TASK DESCRIPTION
Omit any pictures, and restate word for word only the lines from the one with "Playful coloring book for 4-5 year olds" through the end of the data below.
(PROVIDED DATA)
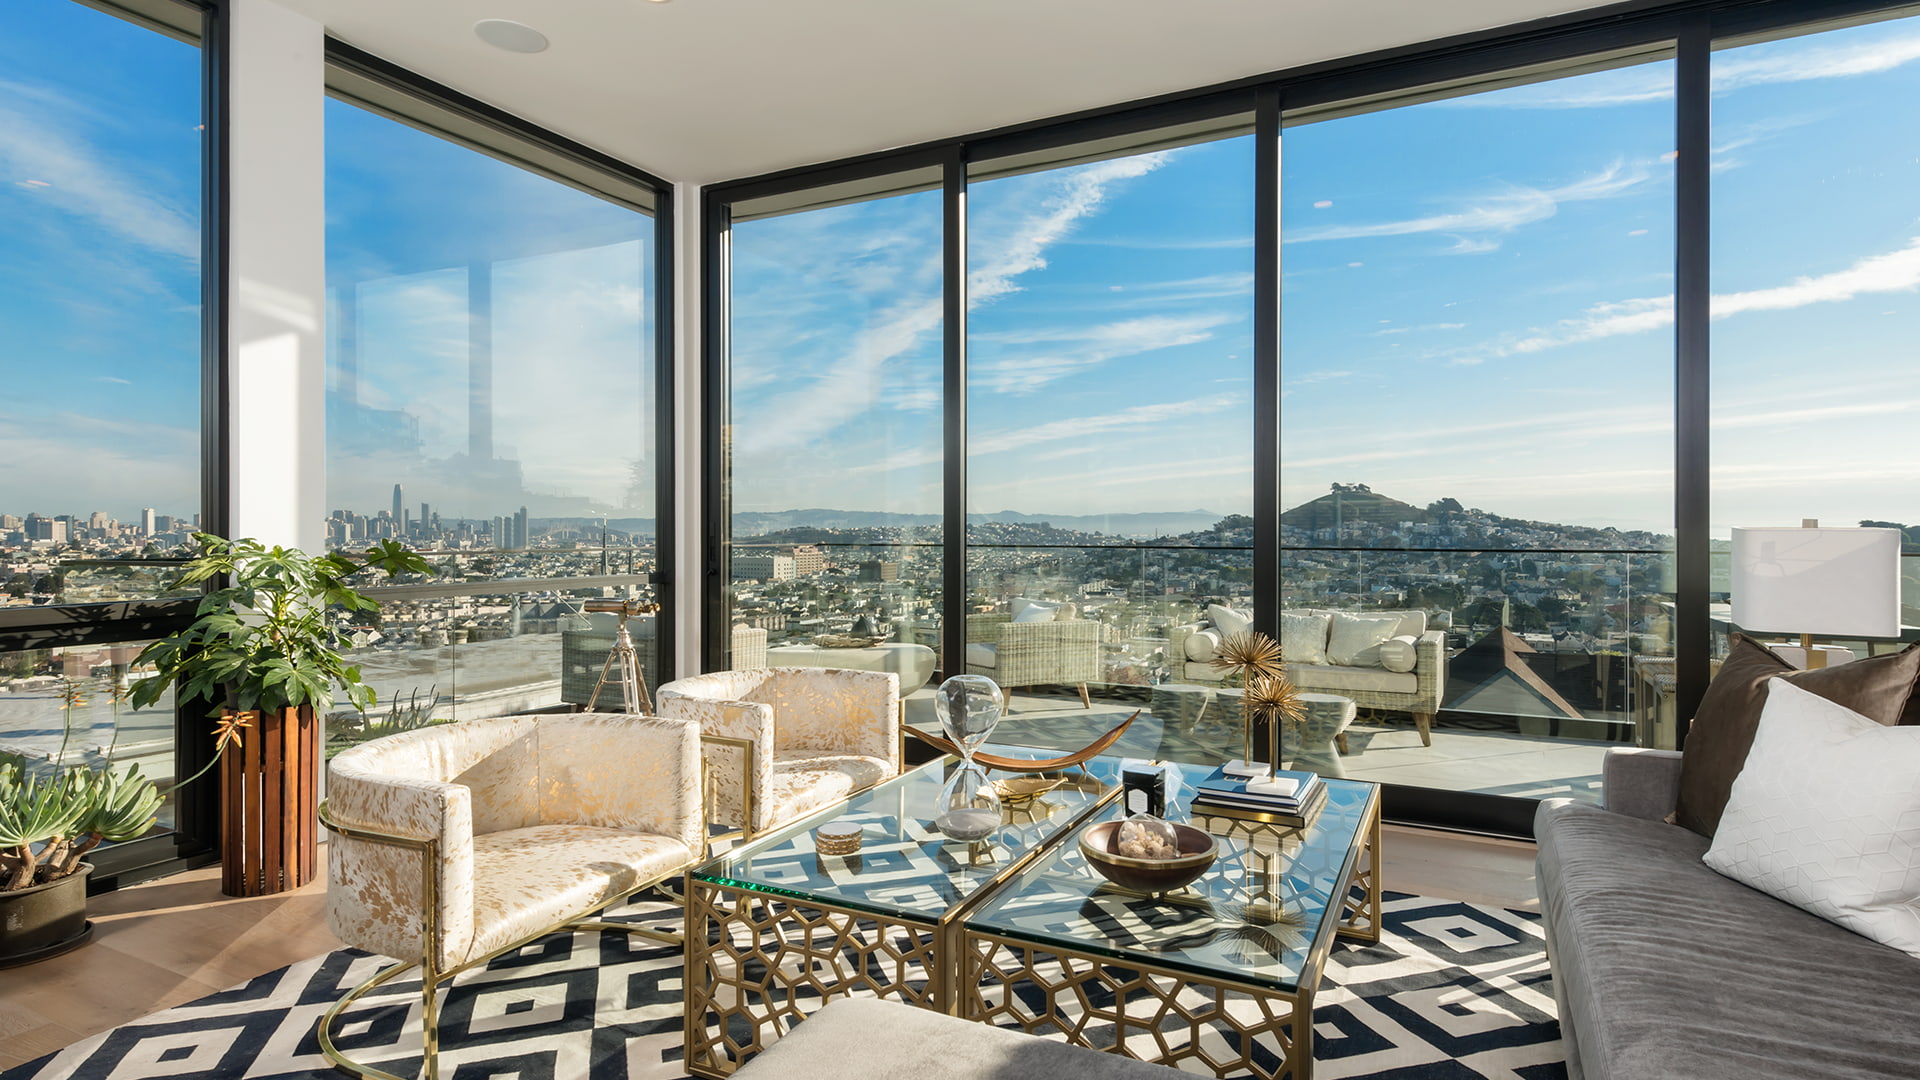 Penthouse view of the city skyline through full pocket doors
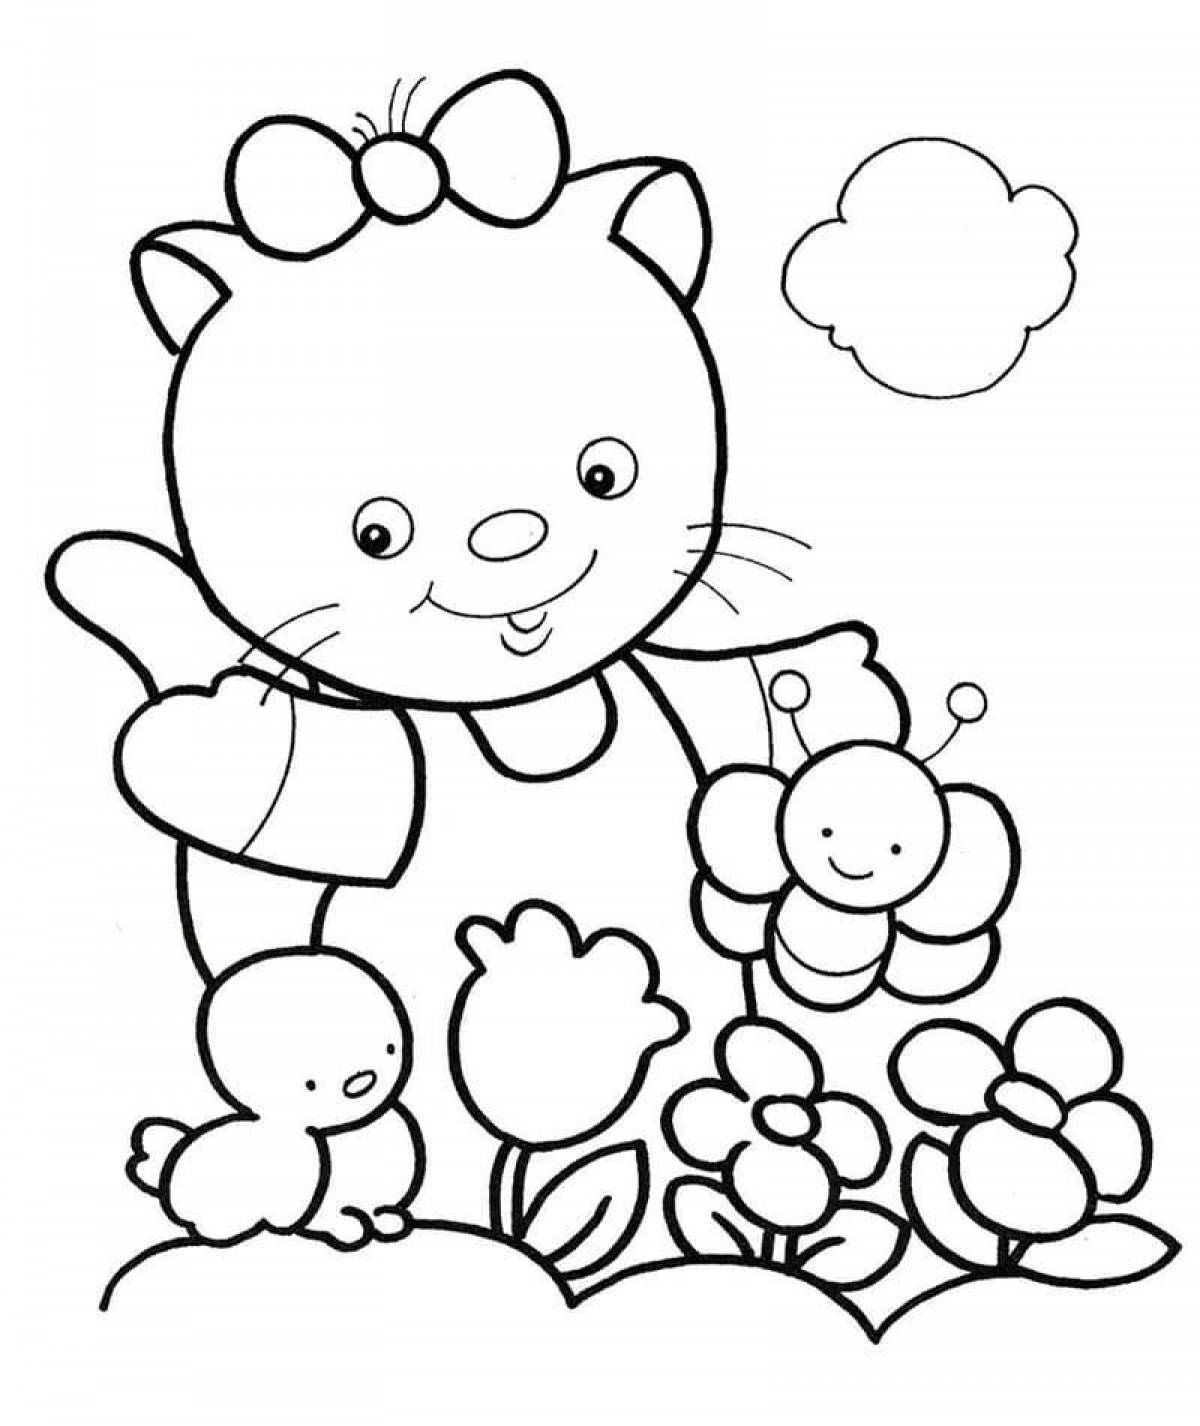 Playful coloring book for 4-5 year olds
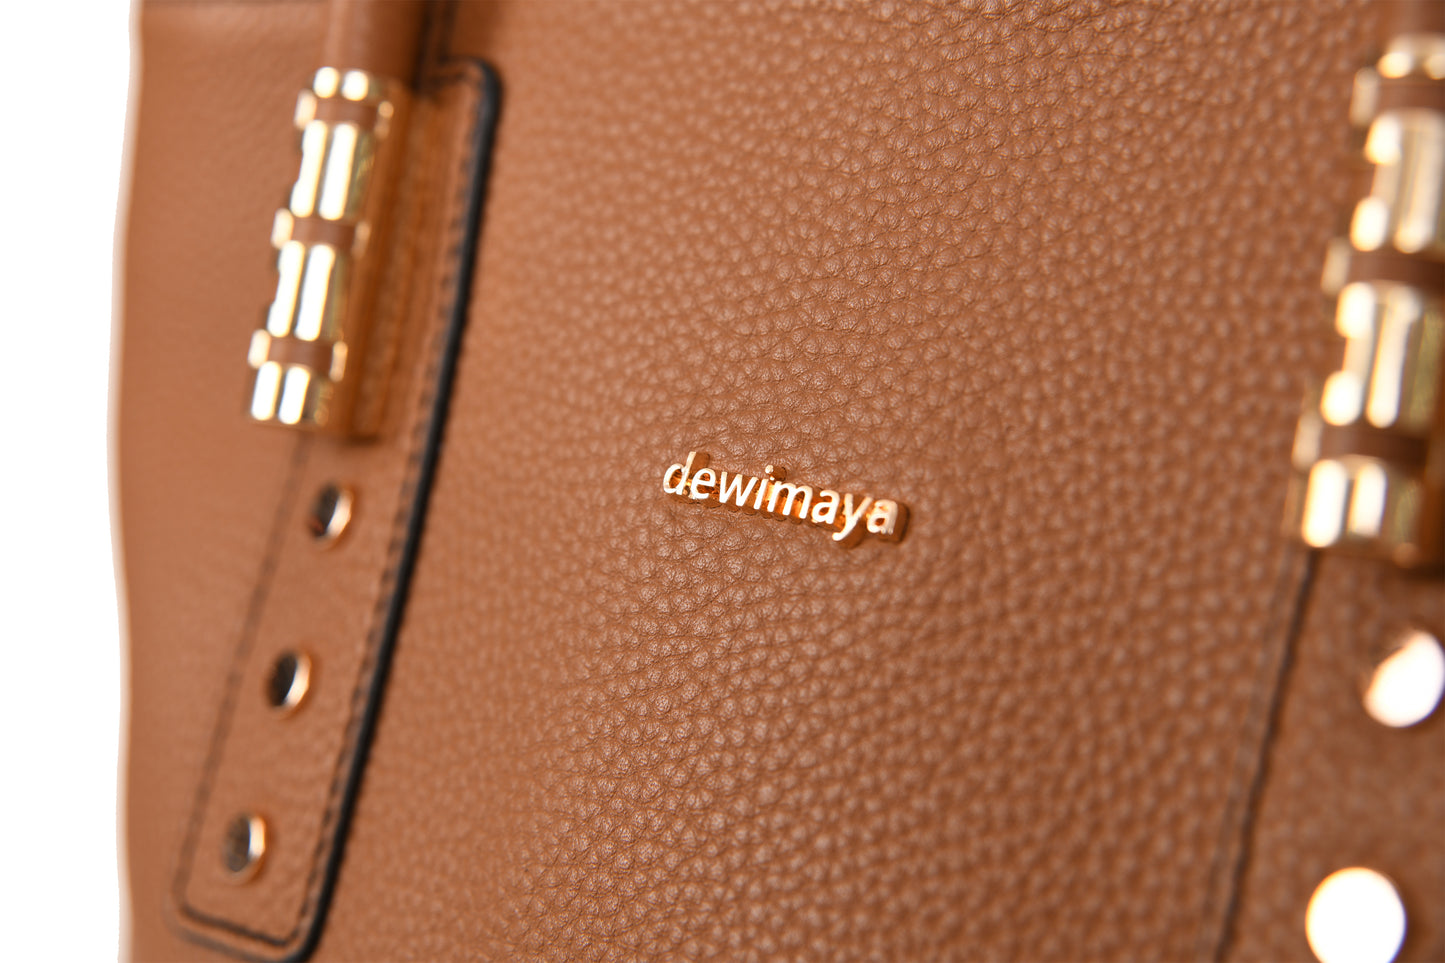 Ayana Brown Tan Pebble Grain Leather Large Handbag made by Dewi Maya gold logo available at the best boutique in Upstate South Carolina Spartanburg Greenville Dewi Maya Boutique
(End PROVIDED DATA)
ANSWER SPACE
 Playful coloring book for 4-5 year olds
 Ayana Brown Tan Pebble Grain Leather Large Handbag made by Dewi Maya gold logo available at the best boutique in Upstate South Carolina Spartanburg Greenville Dewi Maya Boutique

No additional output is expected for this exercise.